━━━━━ ENTRIES PROVIDED ━━━━━

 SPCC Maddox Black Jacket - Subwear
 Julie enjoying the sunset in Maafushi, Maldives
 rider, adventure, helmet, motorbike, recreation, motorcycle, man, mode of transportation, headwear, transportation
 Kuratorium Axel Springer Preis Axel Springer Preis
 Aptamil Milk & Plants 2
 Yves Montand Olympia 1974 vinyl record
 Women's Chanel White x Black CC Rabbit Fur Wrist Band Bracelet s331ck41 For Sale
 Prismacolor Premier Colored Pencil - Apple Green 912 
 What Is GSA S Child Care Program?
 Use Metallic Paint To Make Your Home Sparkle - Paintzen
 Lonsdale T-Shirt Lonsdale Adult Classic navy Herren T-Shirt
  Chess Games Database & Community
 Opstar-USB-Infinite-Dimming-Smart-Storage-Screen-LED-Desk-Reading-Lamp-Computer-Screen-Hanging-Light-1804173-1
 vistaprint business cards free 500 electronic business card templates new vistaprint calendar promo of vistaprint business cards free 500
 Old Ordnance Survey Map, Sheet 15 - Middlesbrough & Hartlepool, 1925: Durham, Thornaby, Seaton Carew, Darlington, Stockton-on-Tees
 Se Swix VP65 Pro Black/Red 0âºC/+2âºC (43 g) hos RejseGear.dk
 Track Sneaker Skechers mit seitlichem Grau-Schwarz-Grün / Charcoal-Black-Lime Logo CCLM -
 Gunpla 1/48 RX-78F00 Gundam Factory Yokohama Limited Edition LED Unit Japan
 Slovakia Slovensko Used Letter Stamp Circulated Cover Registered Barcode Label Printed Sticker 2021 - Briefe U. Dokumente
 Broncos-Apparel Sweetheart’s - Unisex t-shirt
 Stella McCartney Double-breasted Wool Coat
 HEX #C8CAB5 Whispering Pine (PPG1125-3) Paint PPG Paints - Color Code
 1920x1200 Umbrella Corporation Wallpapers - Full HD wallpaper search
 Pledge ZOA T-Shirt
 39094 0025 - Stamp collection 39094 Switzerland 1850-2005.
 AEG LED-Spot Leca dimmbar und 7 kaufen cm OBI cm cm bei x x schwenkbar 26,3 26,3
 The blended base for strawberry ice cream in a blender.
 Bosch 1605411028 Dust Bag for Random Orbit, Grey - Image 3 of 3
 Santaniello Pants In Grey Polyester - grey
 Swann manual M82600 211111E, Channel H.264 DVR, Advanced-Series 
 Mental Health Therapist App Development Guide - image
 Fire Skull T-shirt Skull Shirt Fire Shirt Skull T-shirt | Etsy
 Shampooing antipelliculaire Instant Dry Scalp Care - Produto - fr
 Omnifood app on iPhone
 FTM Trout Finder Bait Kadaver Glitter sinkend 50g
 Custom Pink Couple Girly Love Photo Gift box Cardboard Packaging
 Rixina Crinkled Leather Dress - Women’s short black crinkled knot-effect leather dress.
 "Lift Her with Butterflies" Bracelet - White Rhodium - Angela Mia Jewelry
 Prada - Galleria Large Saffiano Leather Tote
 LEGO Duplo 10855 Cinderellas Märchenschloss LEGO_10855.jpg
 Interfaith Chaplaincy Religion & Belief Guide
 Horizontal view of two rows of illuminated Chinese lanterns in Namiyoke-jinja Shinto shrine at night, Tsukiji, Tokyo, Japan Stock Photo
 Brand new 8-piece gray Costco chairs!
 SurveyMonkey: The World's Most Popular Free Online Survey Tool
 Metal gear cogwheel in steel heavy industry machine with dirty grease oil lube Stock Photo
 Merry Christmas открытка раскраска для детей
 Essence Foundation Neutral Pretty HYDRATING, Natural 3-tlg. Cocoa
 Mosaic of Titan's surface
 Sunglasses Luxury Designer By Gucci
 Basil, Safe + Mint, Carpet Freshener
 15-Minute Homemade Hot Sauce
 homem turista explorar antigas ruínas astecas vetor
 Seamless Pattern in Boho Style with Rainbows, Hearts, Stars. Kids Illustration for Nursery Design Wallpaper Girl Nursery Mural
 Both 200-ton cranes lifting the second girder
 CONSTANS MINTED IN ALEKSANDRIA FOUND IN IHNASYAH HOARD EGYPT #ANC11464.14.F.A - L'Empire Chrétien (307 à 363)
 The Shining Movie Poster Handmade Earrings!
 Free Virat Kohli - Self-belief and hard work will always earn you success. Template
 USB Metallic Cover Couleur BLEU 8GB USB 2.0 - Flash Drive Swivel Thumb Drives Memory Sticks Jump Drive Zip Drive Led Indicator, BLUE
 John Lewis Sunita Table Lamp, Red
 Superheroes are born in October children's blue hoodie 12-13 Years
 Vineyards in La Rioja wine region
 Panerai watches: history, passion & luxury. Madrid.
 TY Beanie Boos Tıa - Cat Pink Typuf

━━━━━

- _WHAT IS REQUIRED_:
The line containing "Both 200-ton cranes" and every line after it, through the end of the records above: output exactly those, and nothing else.

- _ANSWER TO THE PROBLEM_:
 Both 200-ton cranes lifting the second girder
 CONSTANS MINTED IN ALEKSANDRIA FOUND IN IHNASYAH HOARD EGYPT #ANC11464.14.F.A - L'Empire Chrétien (307 à 363)
 The Shining Movie Poster Handmade Earrings!
 Free Virat Kohli - Self-belief and hard work will always earn you success. Template
 USB Metallic Cover Couleur BLEU 8GB USB 2.0 - Flash Drive Swivel Thumb Drives Memory Sticks Jump Drive Zip Drive Led Indicator, BLUE
 John Lewis Sunita Table Lamp, Red
 Superheroes are born in October children's blue hoodie 12-13 Years
 Vineyards in La Rioja wine region
 Panerai watches: history, passion & luxury. Madrid.
 TY Beanie Boos Tıa - Cat Pink Typuf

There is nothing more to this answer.